There’s a giant gap in the legal market where there are poor people who need
simple services and they aren’t getting them because there are no lawyers who
can afford to work that cheap and pay off their loans, or the lawyers are
doing the work pro bono, which is generous, but why don’t we just let people
who aren’t lawyers do more of this clerical work?

------
fanzhang
Is the economics of this article right? The main problem I have is that the
total supply of engineers is _huge_ and Google is benefiting all companies
that demand engineers, not just themselves, which is a massive dilution.

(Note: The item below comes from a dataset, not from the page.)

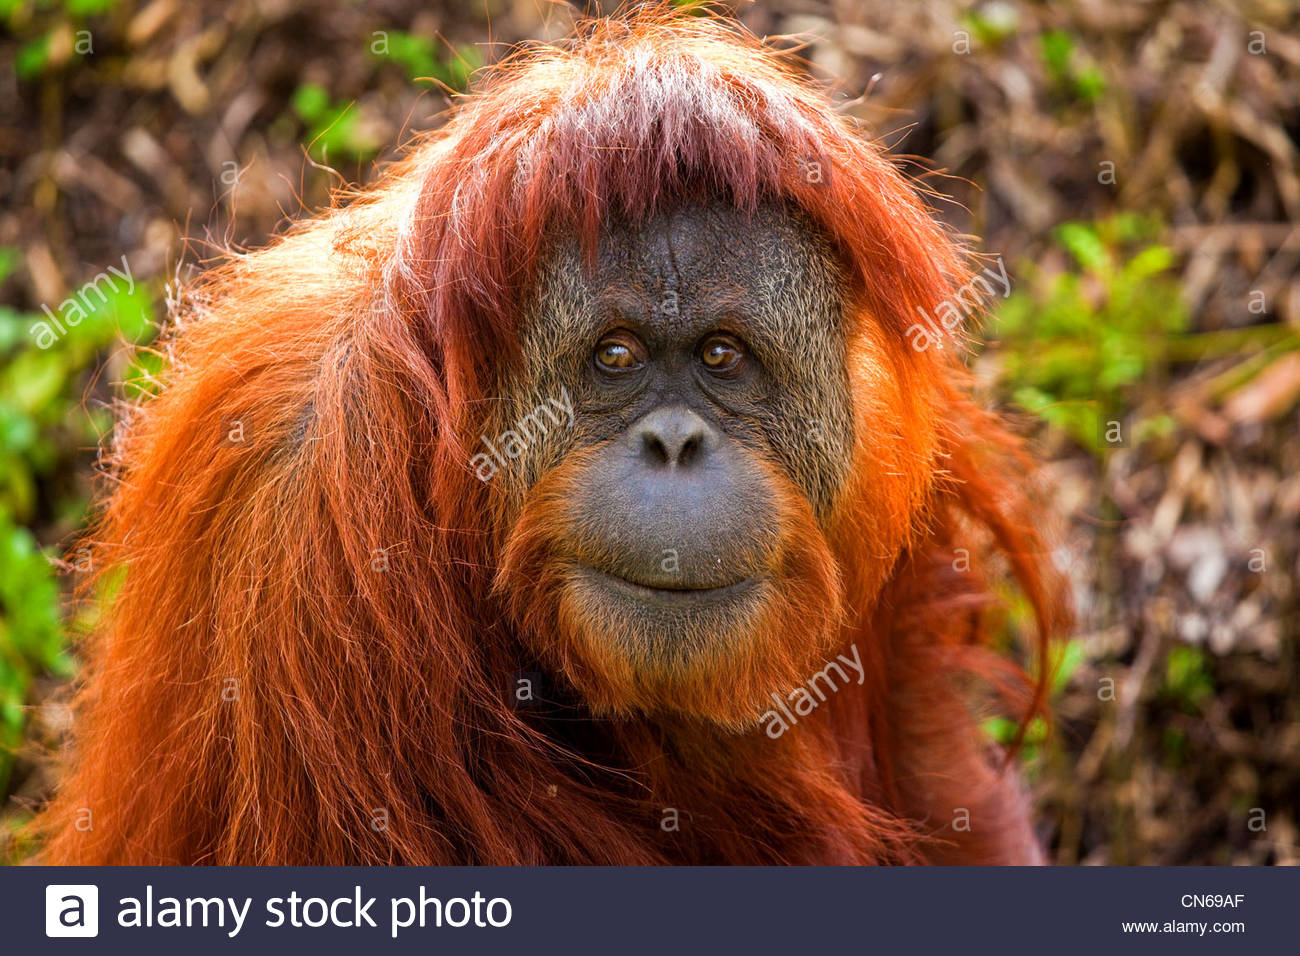 orangutan-CN69AF.jpg

A Google search shows Google has about 40K software engineers, while the USA
has about 18M software engineers. This means Google hires about 0.2% (i.e.
0.002) of the software labor force.

This means that Google only captures 0.2% of the benefit from increasing the
labor pool. 99.8% of the dollar benefit goes to other people -- some of who
are competitors even!

Further, Oracle hires a lot more software engineers, but Oracle is notorious
for its profit motive and bad image while Google tries (in name at least) to
be altruistic. Is Oracle spending as much as Google on STEM? How about IBM,
SAP, etc? If the math works out for Google, it should doubly work out for
companies employing more software engineers.

This is a theory that seems like it can be true (and make you seem smart at
cocktail parties), but the math doesn't seem to add up.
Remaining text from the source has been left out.